Reaction mass of 1-phenyloctadecane-1,3-dione and phenylicosane-1,3-dione

Administrative data

Endpoint:

acute toxicity: oral

Type of information:

experimental study

Adequacy of study:

key study

Study period:

(no data on starting date) 25-NOV 1996 (date of report)

Reliability:

1 (reliable without restriction)

Data source

Materials and methods

GLP compliance:

yes (incl. QA statement)

Test type:

standard acute method

Limit test:

yes

Test material

Test animals

Species:

rat

Strain:

Sprague-Dawley

Sex:

male/female

Details on test animals or test system and environmental conditions:

- Source: Iffa Crédo, 69210 L'Arbresle, France
- Age at study initiation: six weeks old
- Weight at study initiation: 188 +- 2 g for males and 150 +- 5 g for females.
- Fasting period before study: overnight period of approximately 18 hours prior to dosing
- Housing: five rats of the same sex were housed in polycarbonate cages
- Food consumption: A04 C pelleted diet (UAR, 91360 Villemoisson-sur-Orge, France) ad libitum.
- Water consumption: filtered water by a Millipore membrane (0.22 µm), ad libitum
- Acclimation period: at least five days

ENVIRONMENTAL CONDITIONS:
- Temperature: 21 +- 2°C
- Humidity: 30 to 70 %
- Air changes: 12 cycles/hour of filtered, non recycled air
- Photoperiod: 12-hour light/dark cycle

IN-LIFE DATES: no data

Administration / exposure

Route of administration:

oral: gavage

Vehicle:

corn oil

Details on oral exposure:

Vehicle:
- Concentration in vehicle: no data
- Amount of vehicle (if gavage): no data
- Justification for choice of vehicle: no data
- Lot/batch no. (if required): no data
- Purity: no data

- Maximum dose volume: 10 mL/kg

Doses:

5000 mg/kg b.w.

No. of animals per sex per dose:

5

Control animals:

no

Details on study design:

- Duration of observation period following administration: 14 days
- Frequency of observations and weighing:
> mortality and clinical signs: observed frequently during the hours after dosing.
Thereafter, observation at least once a day up to the end of the 14-day observation period. (day 15)
> body weights: determined prior to dosing (day 1), on days 8 and 15.
Body weight gain of the treated animals was compared to that of C.I.T. control animals with the same initial body weight.
- Necropsy of survivors performed: yes

Statistics:

No statistical analysis was performed

Results and discussion

Mortality:

No deaths occurred in males and females

Clinical signs:

other: The general behaviour of animals was not affected

Gross pathology:

Macroscopic examination of the main organs showed no apparent abnormalities

Any other information on results incl. tables

Table 7.2.1/2: Number of animals dead [and with evident toxicity] [and time range within which mortality occurred]

Dose (mg/kg bw)	Mortality (# dead/total)			Time range of deaths (hours)	Number with evident toxicity (#/total)
	Male	Female	Combined		Male	Female	Combined
5000	0	0	-	-	0	0	-

Applicant's summary and conclusion

Interpretation of results:

not classified

Remarks:

Migrated information Criteria used for interpretation of results: EU

Conclusions:

Under the conditions of the current study, the test item showed no signs of toxicity in female and male rats over a period of 14 days when given orally once at 5000 mg/kg bw.
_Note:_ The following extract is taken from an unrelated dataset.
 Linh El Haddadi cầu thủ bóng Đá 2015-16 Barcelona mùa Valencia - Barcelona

The LD50 can therefore be concluded to be greater than 5000 mg/kg bw. The reaction mass of Stearoylbenzoylmethane and Palmitoylbenzoylmethane is not classified for acute oral toxicity according to the criteria of Annex VI of the Directive 67/548/CEE and according to EU Regulation 1272/2008 (CLP).

Executive summary:

RHODIASTAB X5 was tested for acute oral toxicity in Sprague-Dawley rats in a limit dose assay.
The test substance, a powder, was administered diluted in corn oil. Animals were fastened overnight prior to treatment. The assay was conducted on a group of 10 rats (5 males, 5 females) with a dose of 5000 mg/kg b.w. administered by gavage in a single oral dose (maximum dose volume of 10 mL/kg b.w).
Examinations for mortality, clinical signs and body weight gain were performed during the 14-day observation period. All surviving animals were necropsied at the end of the observation period.
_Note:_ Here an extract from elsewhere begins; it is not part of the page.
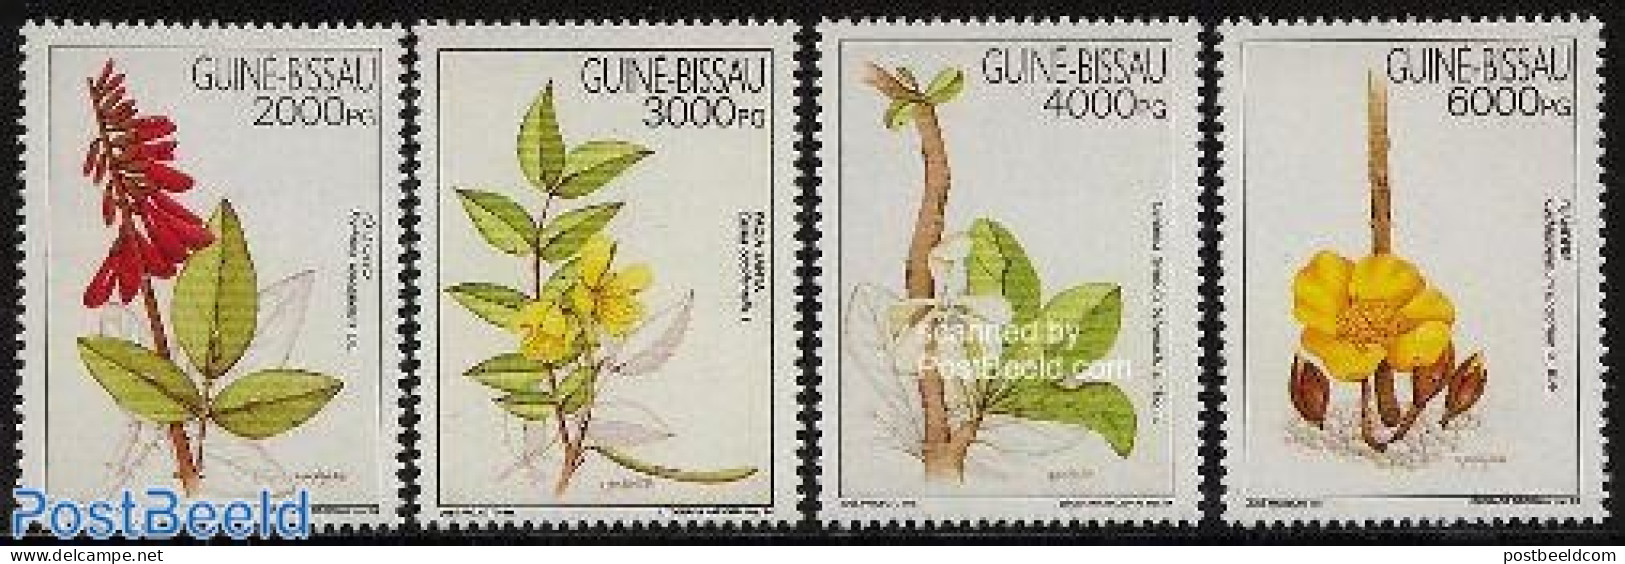 Guinea Bissau 1994 Health Plants 4v, Mint NH, Health - Nature - Health - Flowers & Plants - Guinea-Bissau

No deaths occurred and no clinical signs were observed during the study. Body weight gain was not affected by treatment. At necropsy, macroscopic examination of main organs showed no abnormalities.

As the acute oral LD50 was found to be greater than 5000 mg/kg b.w. under the conditions of the test, the reaction mass of Stearoylbenzoylmethane and Palmitoylbenzoylmethane is not classified according to Annex VI of the Directive 67/548/CEE and according to EU Regulation 1272/2008 (CLP).